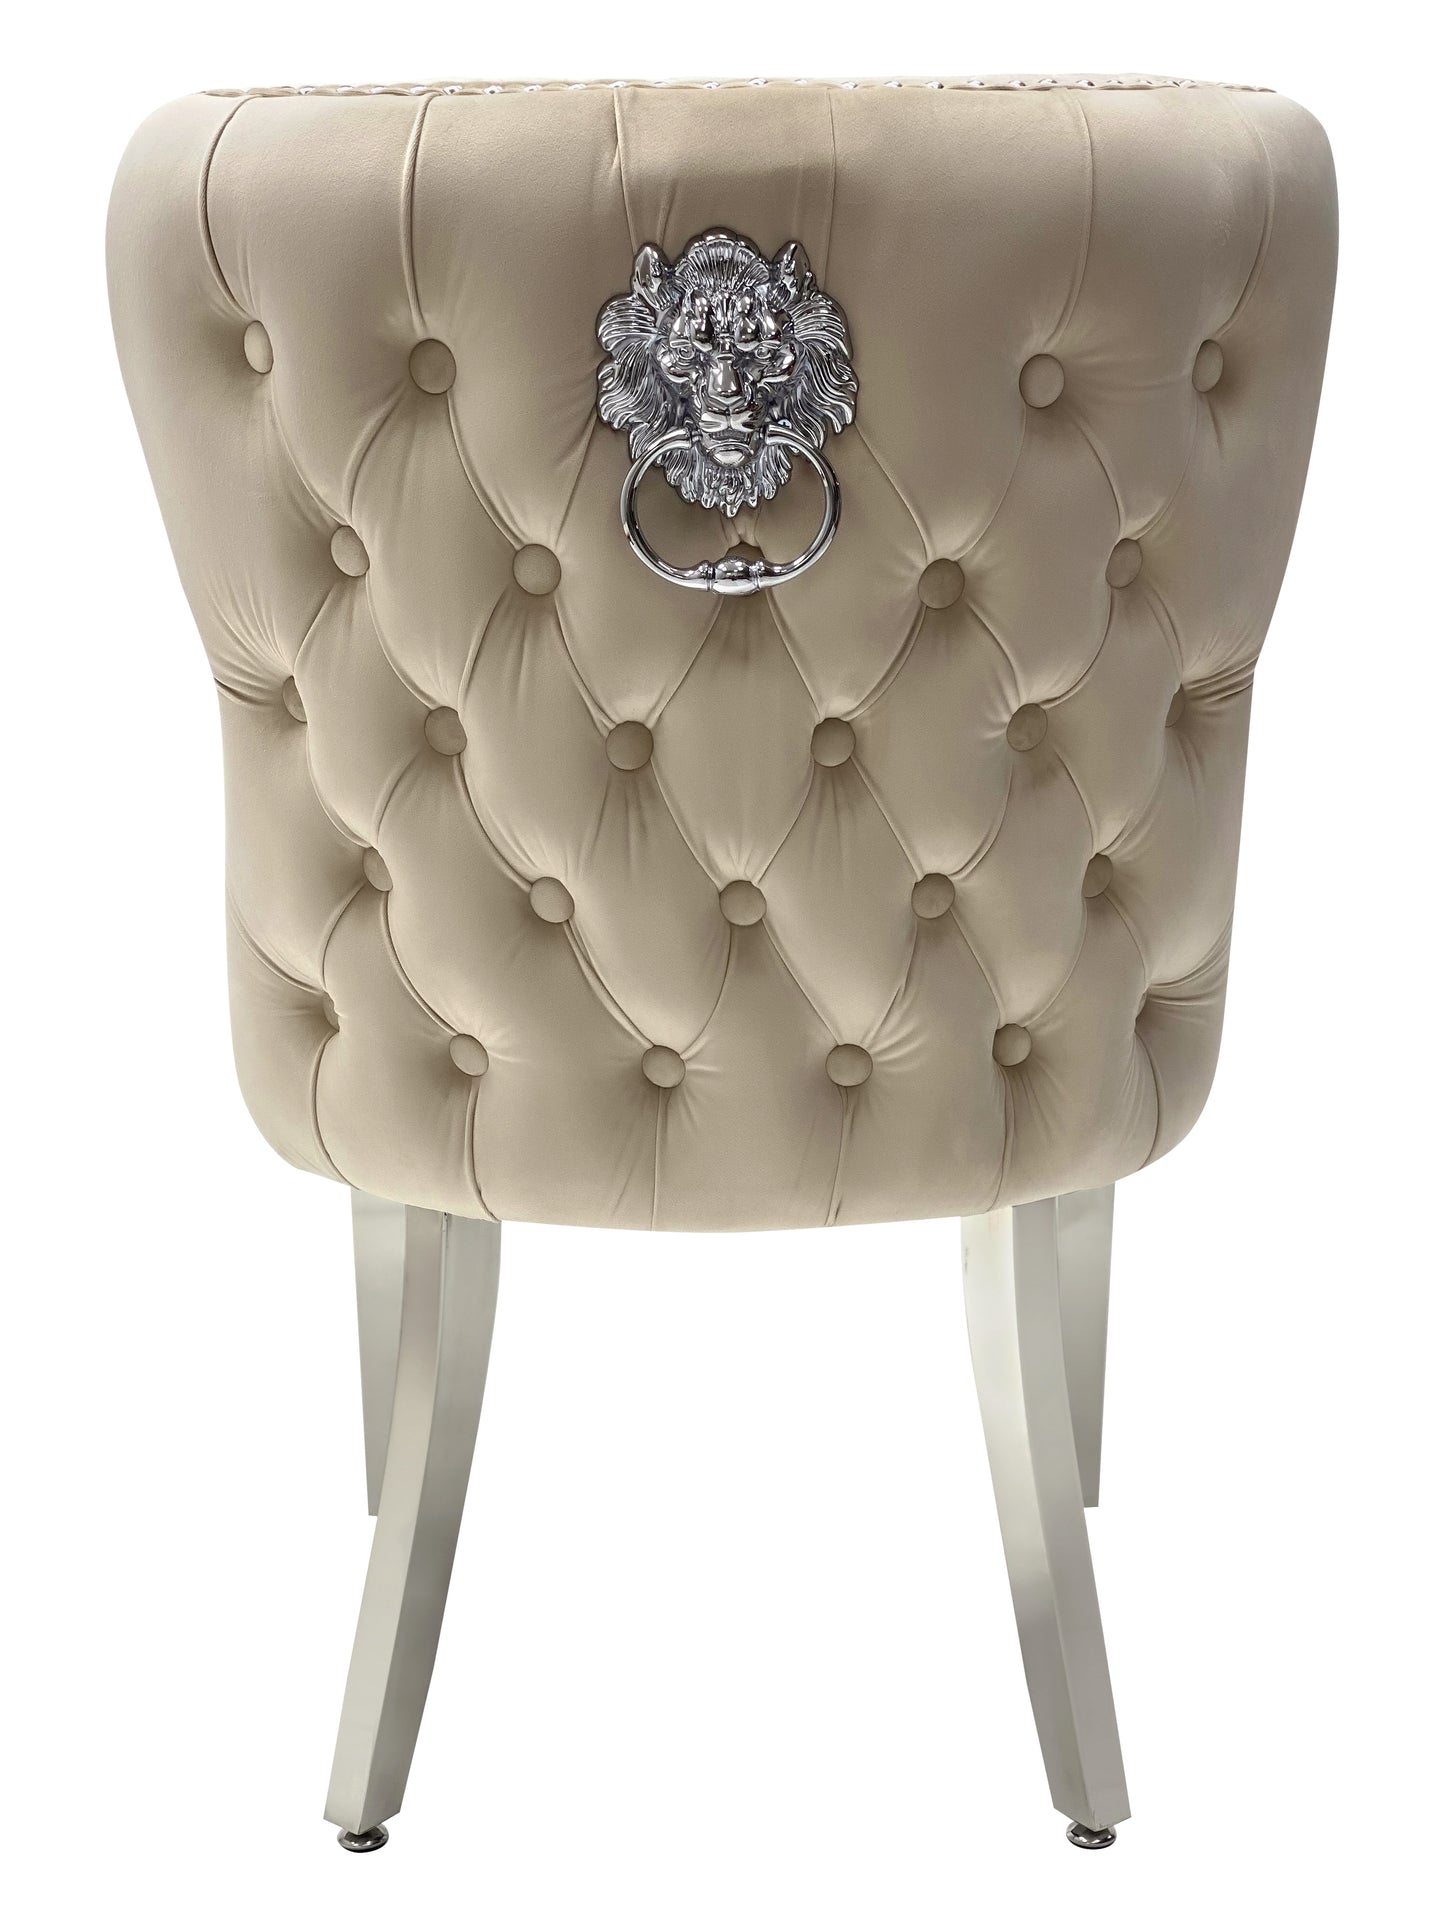 Dining Chair in Mink Plush Velvet Lion Knocker Head Lewis Buttoned Back Quilted Front Studs on the Edge with Chrome Legs (Set of 2 chairs)
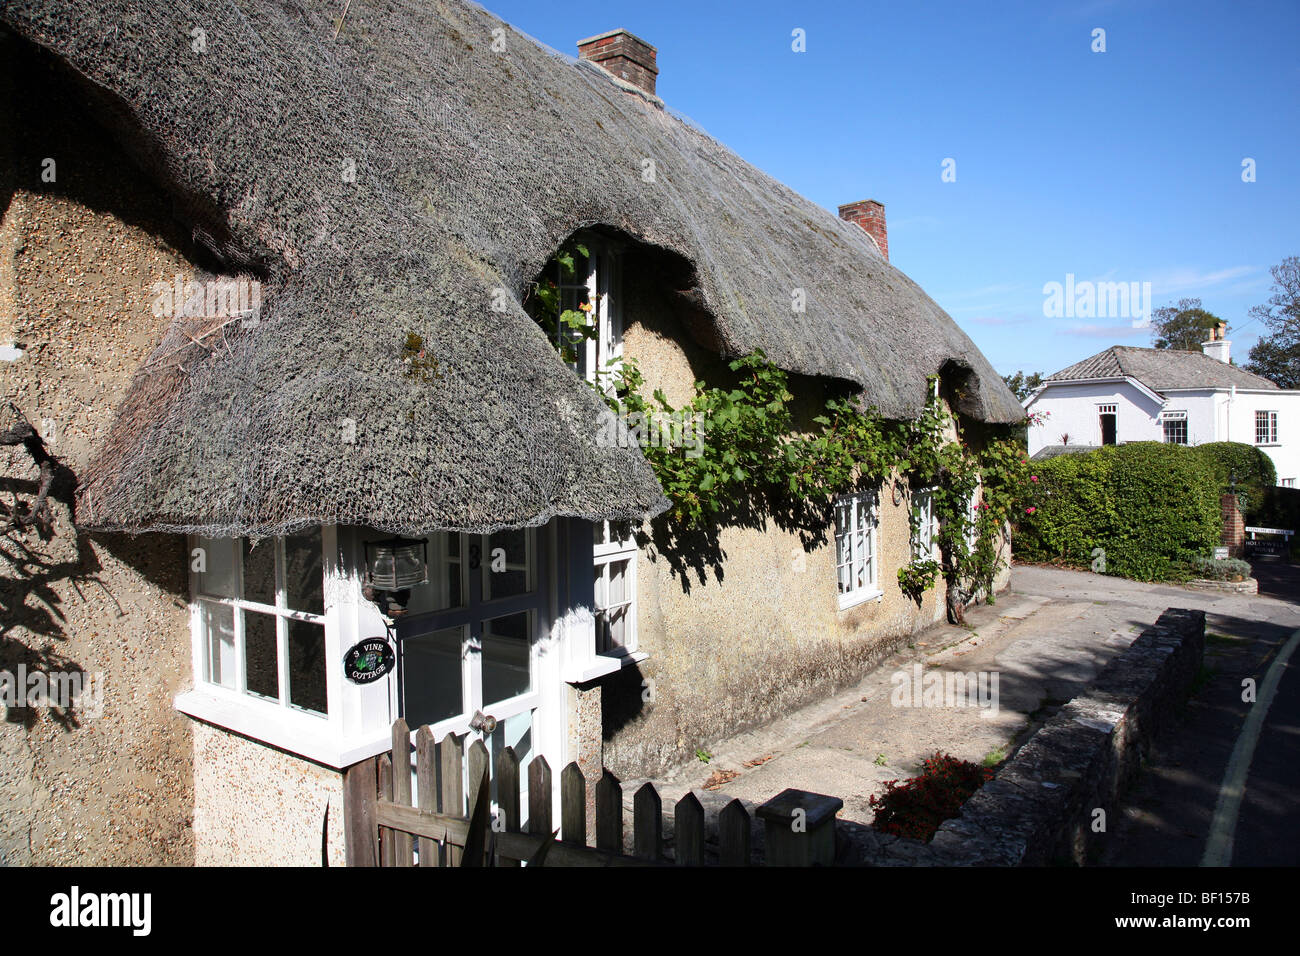 A picture perfect cottage in the Dorset seaside village of Studland on the Isle of Purbeck Stock Photo
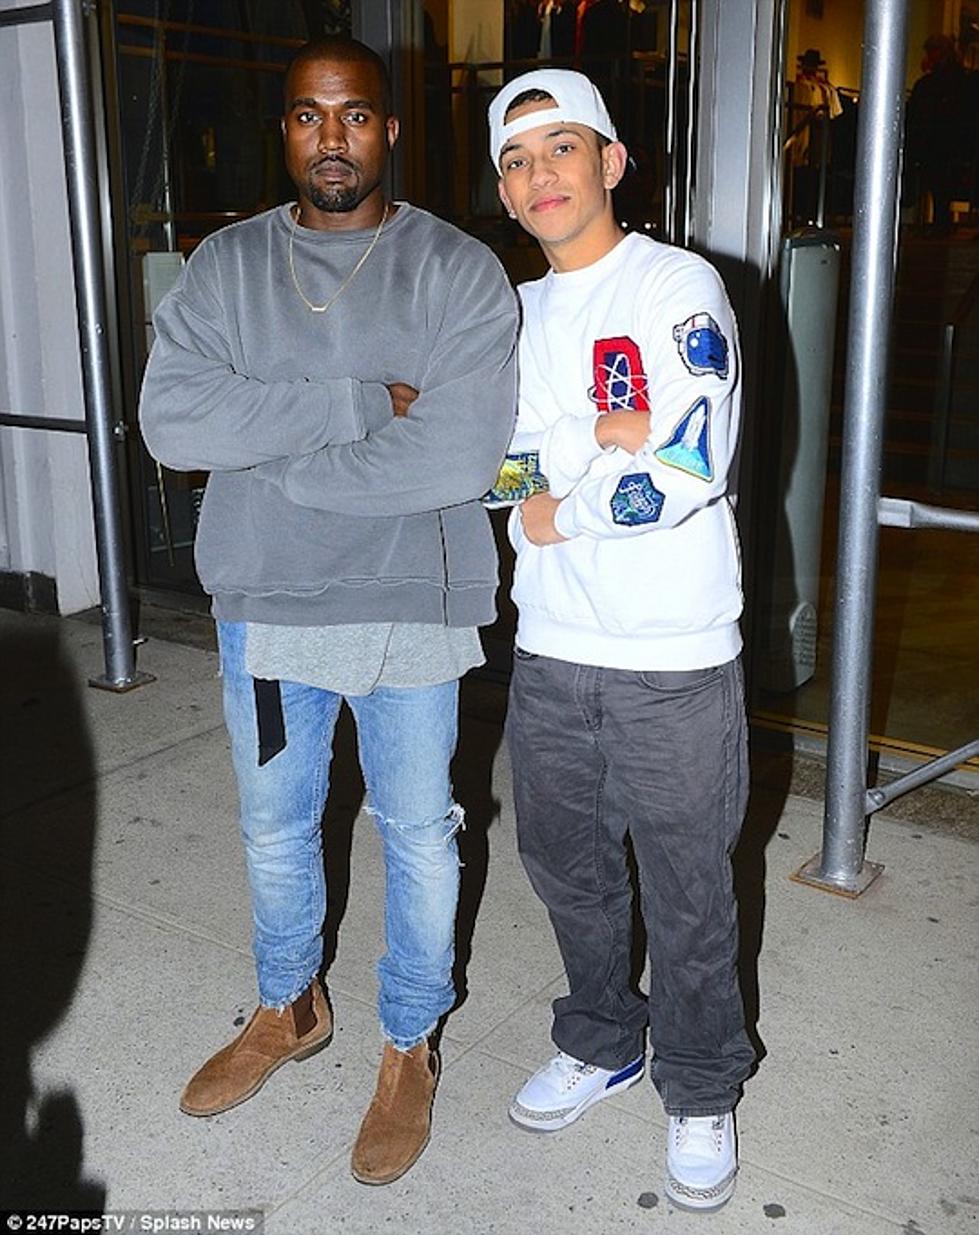 Shirt Worn By Pap In Photo With Kanye West Quickly Sells Out
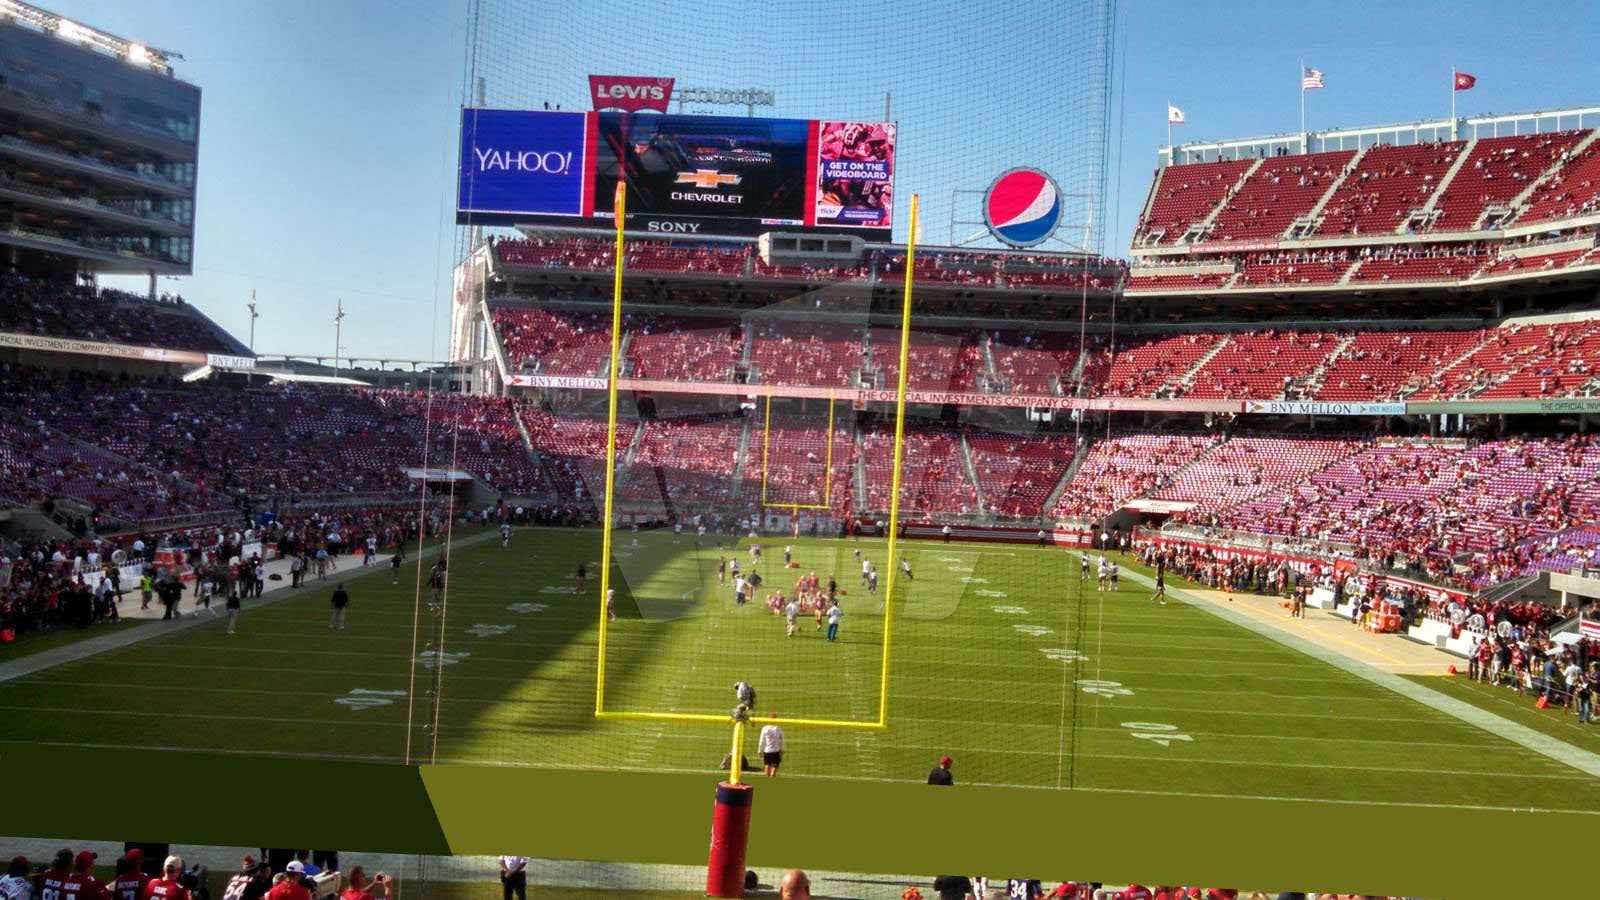 section 127, row 25 seat view  - levi

PROBLEM TO WORK ON
Give the listing above again exactly, minus any images.

OUTPUT BELOW
 Dining Chair in Mink Plush Velvet Lion Knocker Head Lewis Buttoned Back Quilted Front Studs on the Edge with Chrome Legs (Set of 2 chairs)
 A picture perfect cottage in the Dorset seaside village of Studland on the Isle of Purbeck Stock Photo
 Shirt Worn By Pap In Photo With Kanye West Quickly Sells Out
 section 127, row 25 seat view  - levi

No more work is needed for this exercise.